Он ушел, но, казалось, стены, впитавшие его гневный крик, все еще нашептывали сказанные им слова, эхом звенящие в ее голове.
Гермиона позволила ему уйти, исчезнуть из ее жизни, громко хлопнув дверью, и оставить наедине с собственными мыслями. И почему же она не попыталась остановить его, объясниться и оправдать себя?
* * *
Луна, скрываясь за плотными облаками, серебряным блюдцем светила на небосклоне и озаряла ночной, укутанный легкой дымкой тумана Лондон. Мягкий свет, пробираясь сквозь тонкий занавес, нитями рассеивался в темной гостиной, раздражая Гермиону своим ярким свечением. Шумно выдохнув, она взмахнула палочкой, зашторивая витражные окна, и, привыкая к кромешной темноте, устало откинула голову на спинку кресла.
Как долго она просидела в собственной гостиной, жалея себя и захлебываясь от слез? Час, два? Эта ночь, словно насмехаясь над ней, тянулась лениво и медленно.
Она должна была вернуться в мэнор более часа назад, но видеть Малфоя, чувствовать его присутствие, которое впитал каждый потаённый уголок его треклятого поместья, она желала меньше всего. Сейчас ее гордыня, вскормленная злостью, обиженно свернулась клубочком, молчаливо выжидая появления своего мучителя, которого хотелось растерзать на мелкие кусочки. Ненависть к нему словно растеклась по жилам и, борясь с желанием вскрикнуть, разрывая звенящую тишину, она резко поднялась с кресла.

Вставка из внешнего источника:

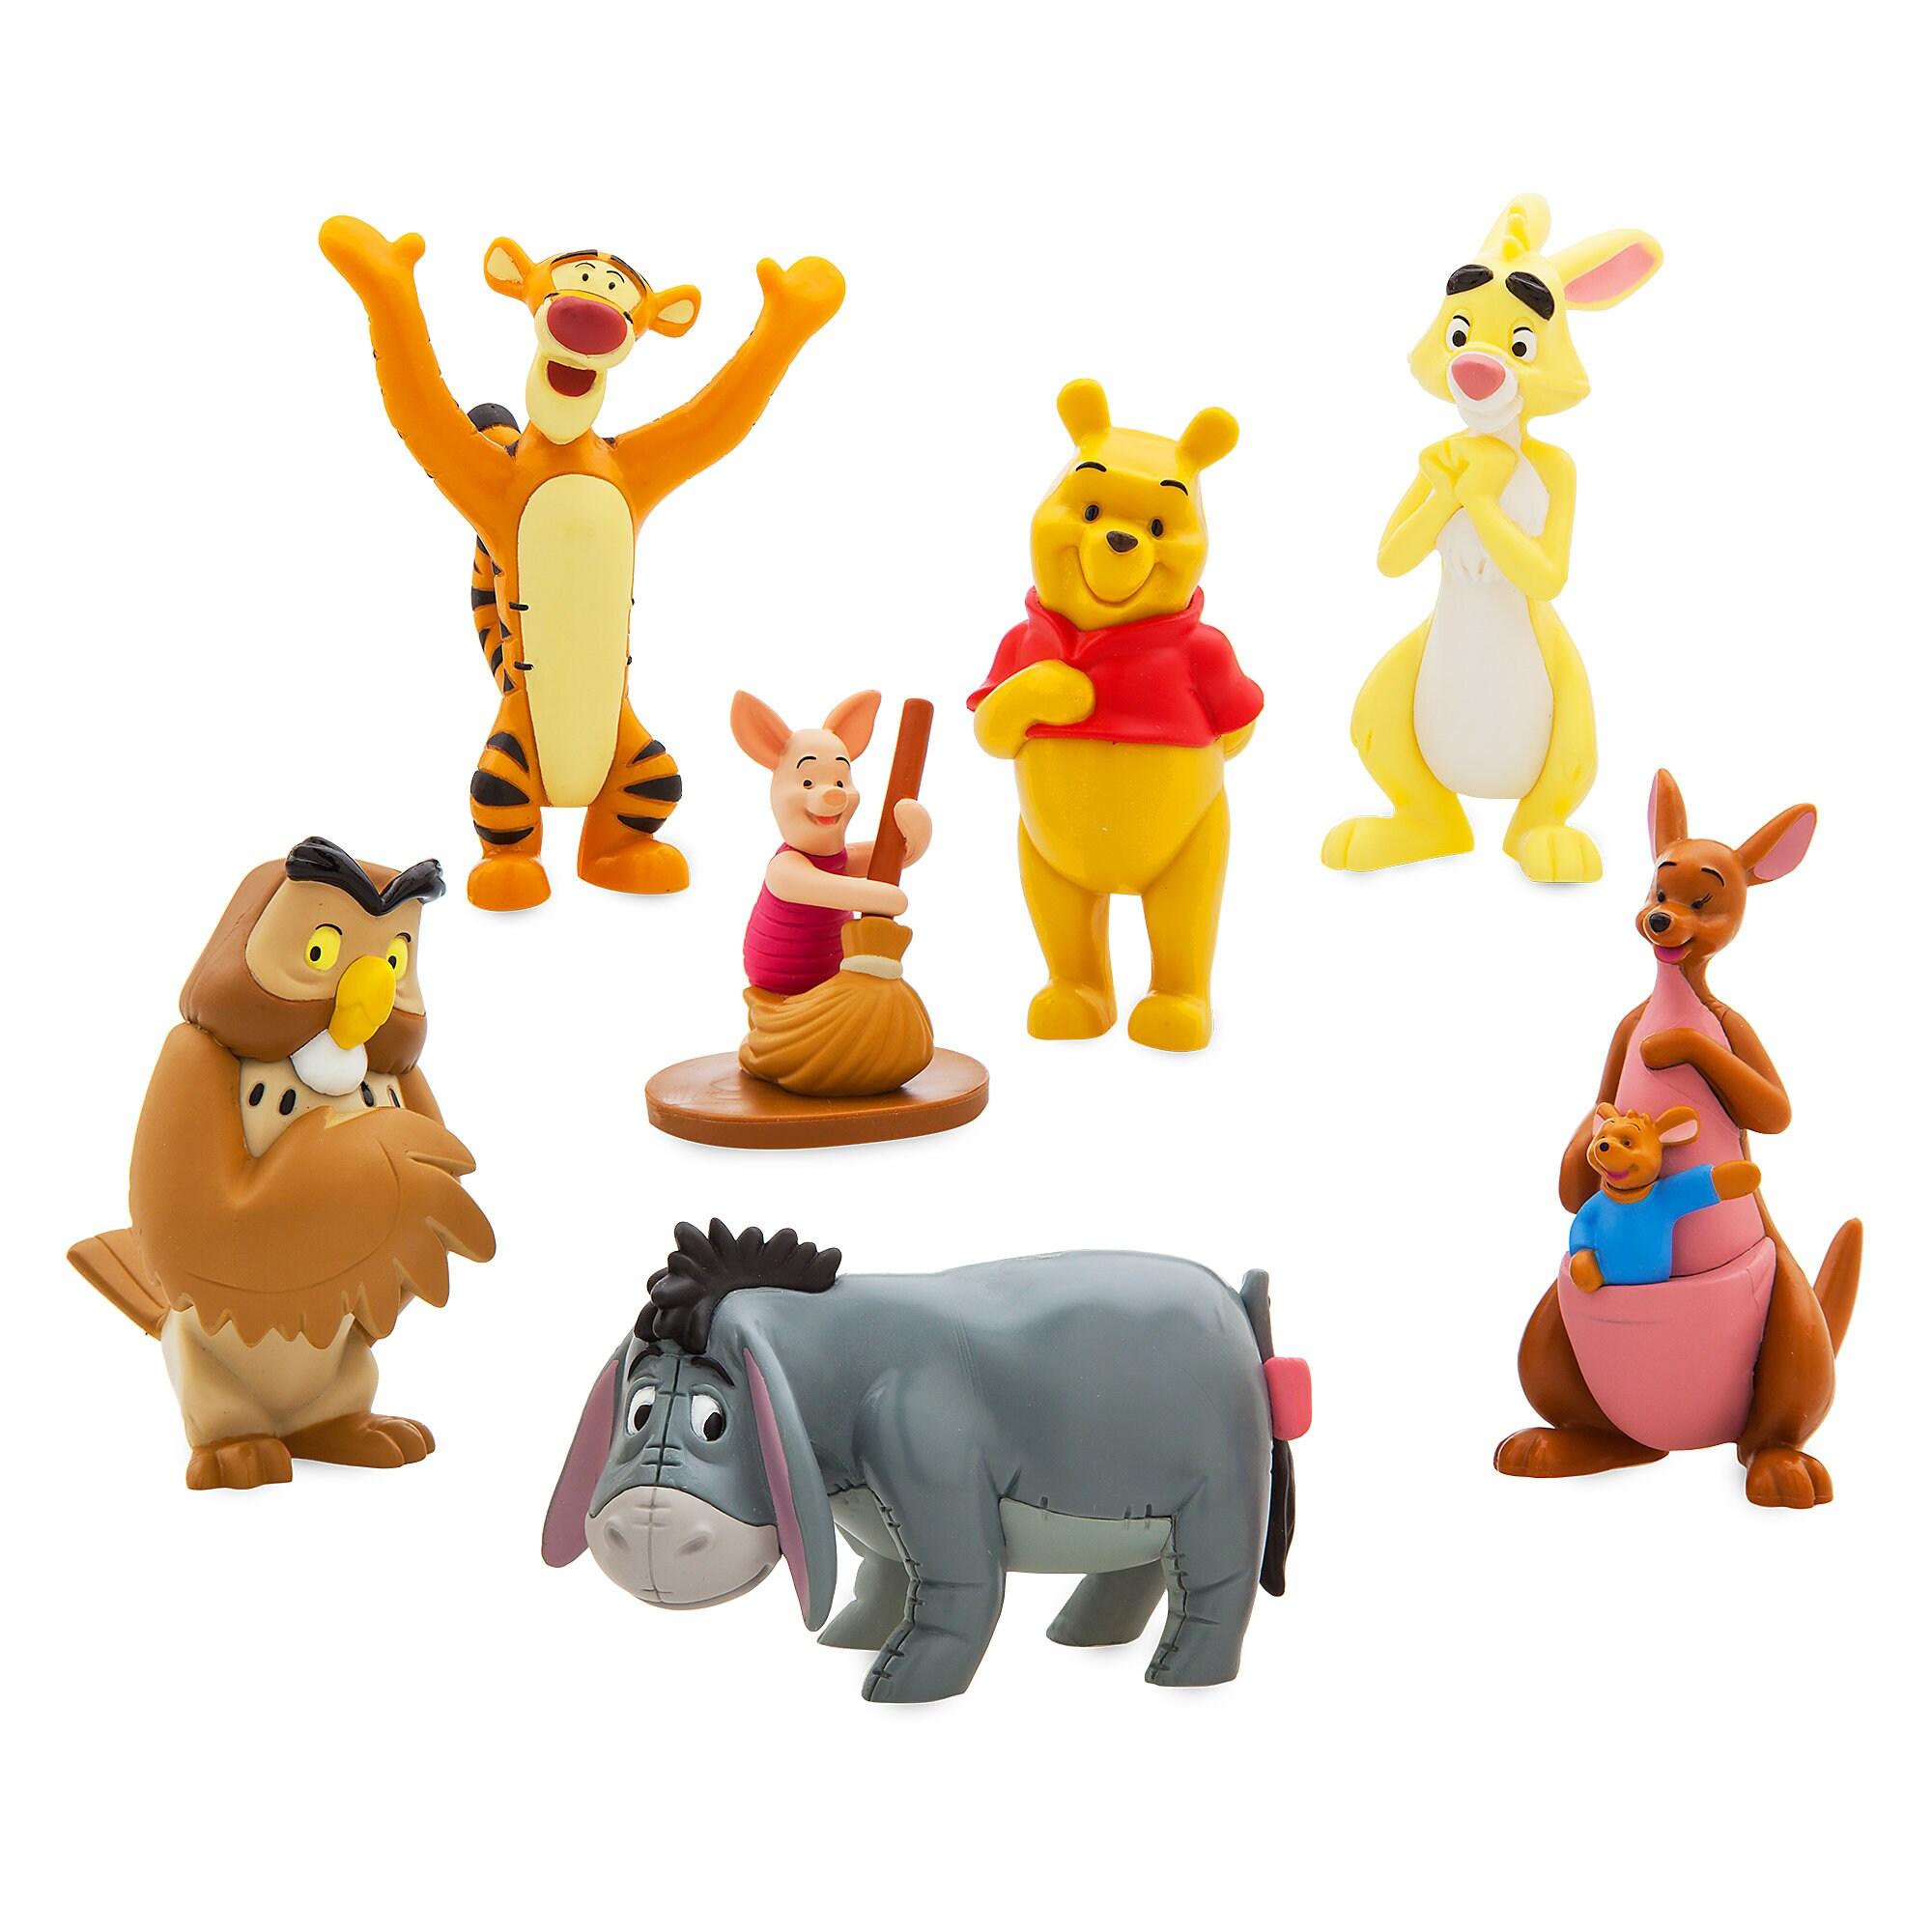 The pooh winnie pics of
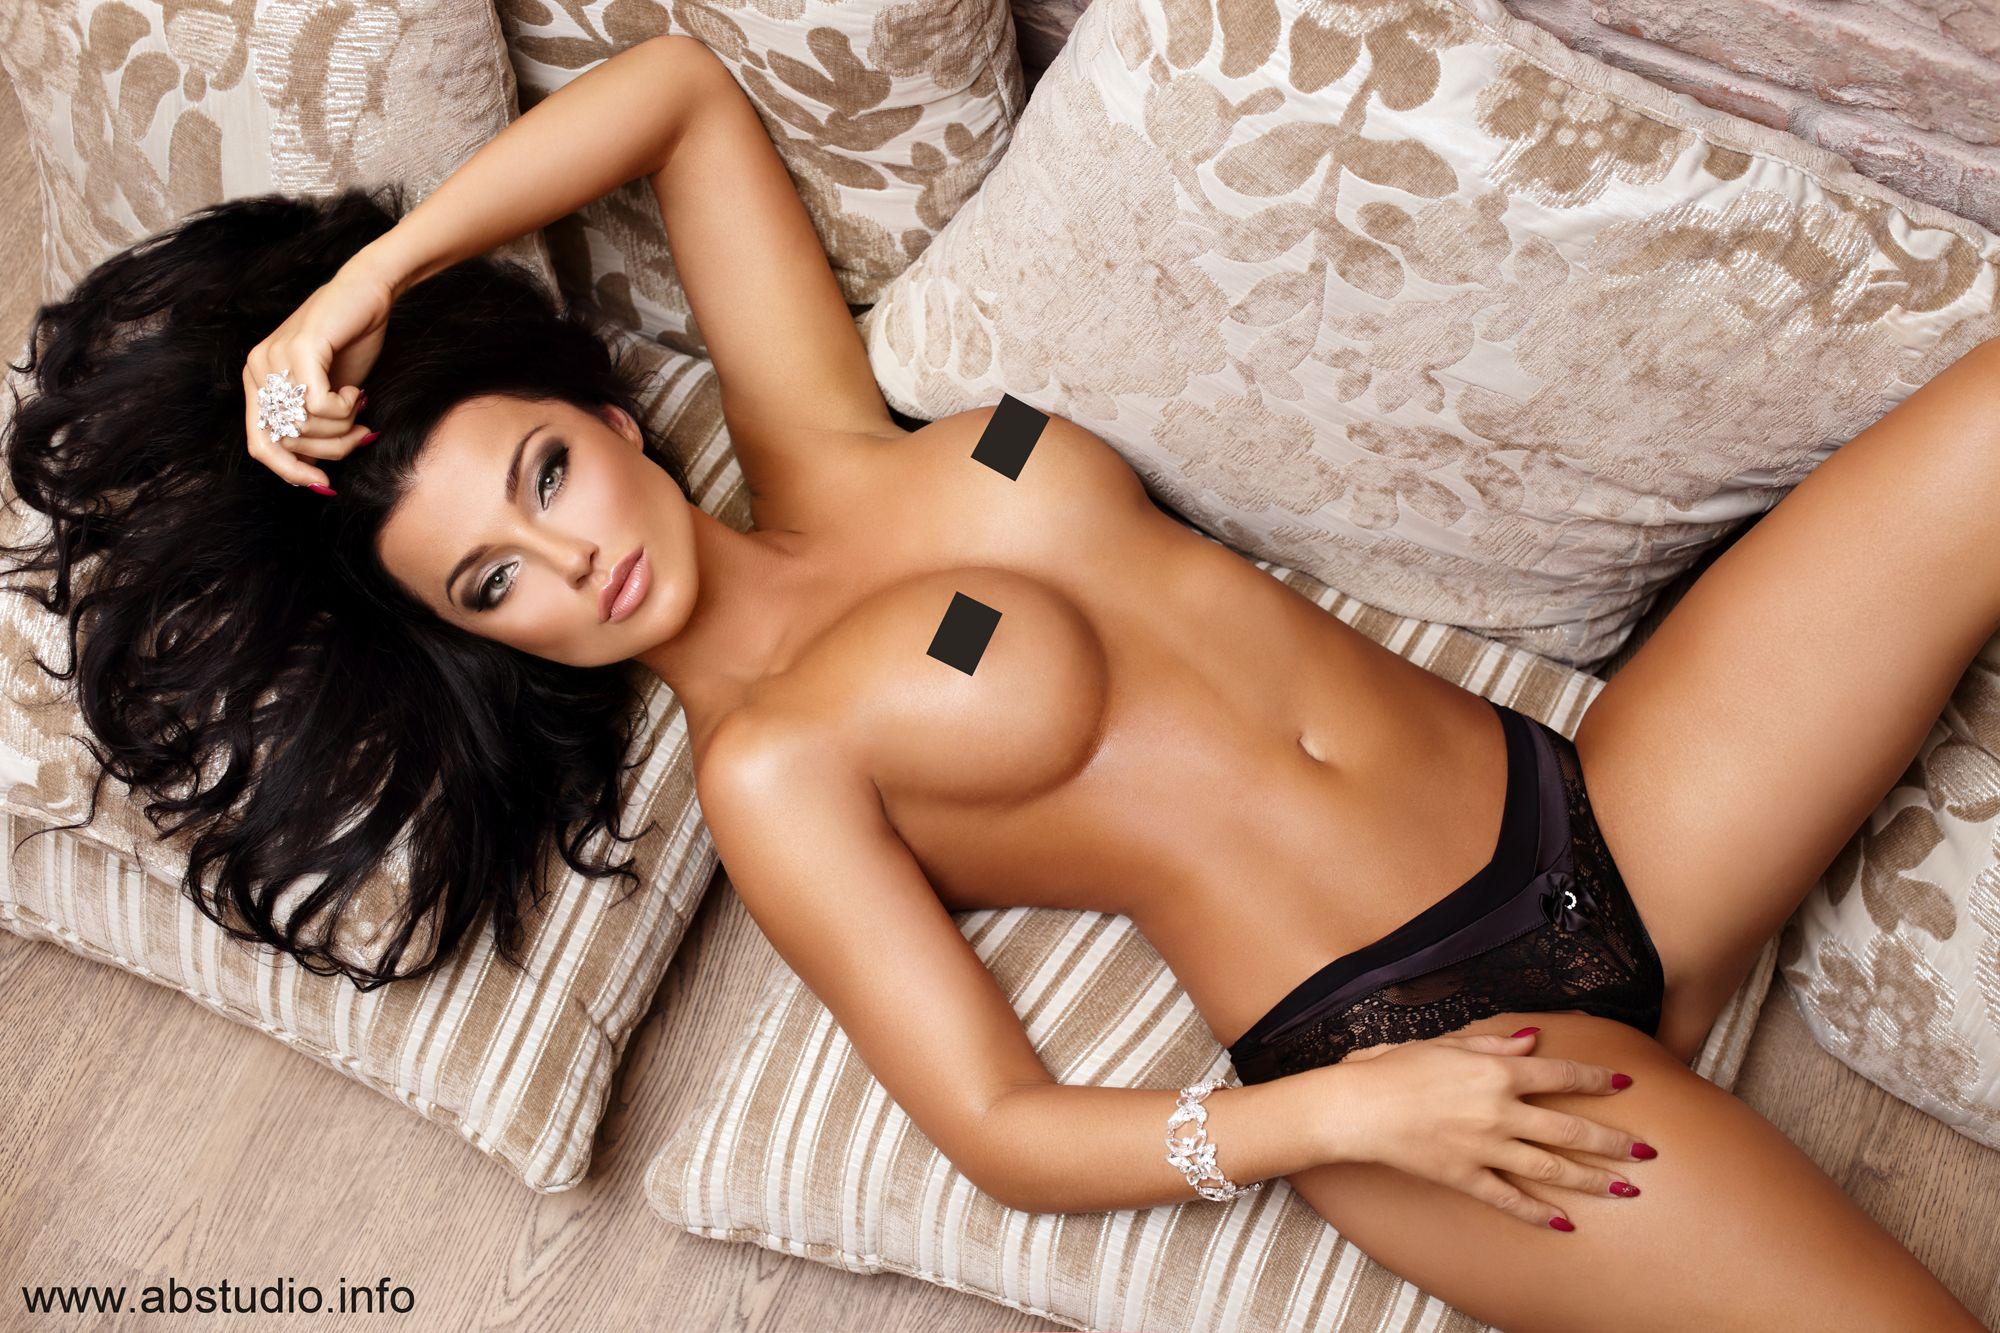 Nude hot video strip

Роберт знает о ее позорном поступке, и эта мысль, словно заевшая пластинка, звучала у нее в голове, заставляя ощущать противное чувство вины. Да, она виновата, что, подавшись минутной слабости, необдуманно ответила согласием на безумное предложение Малфоя пожениться в Лас-Вегасе. Да, она солгала Роберту, опасаясь, что он едва ли поверит в эту сумасшедшую историю. Но если бы он позволил ей высказаться, то Гермиона объяснила бы, что в отношениях с Малфоем нет ничего предосудительного, кроме взаимной ненависти. Однако убеждать Роберта в собственной верности она вовсе не желала. Так странно...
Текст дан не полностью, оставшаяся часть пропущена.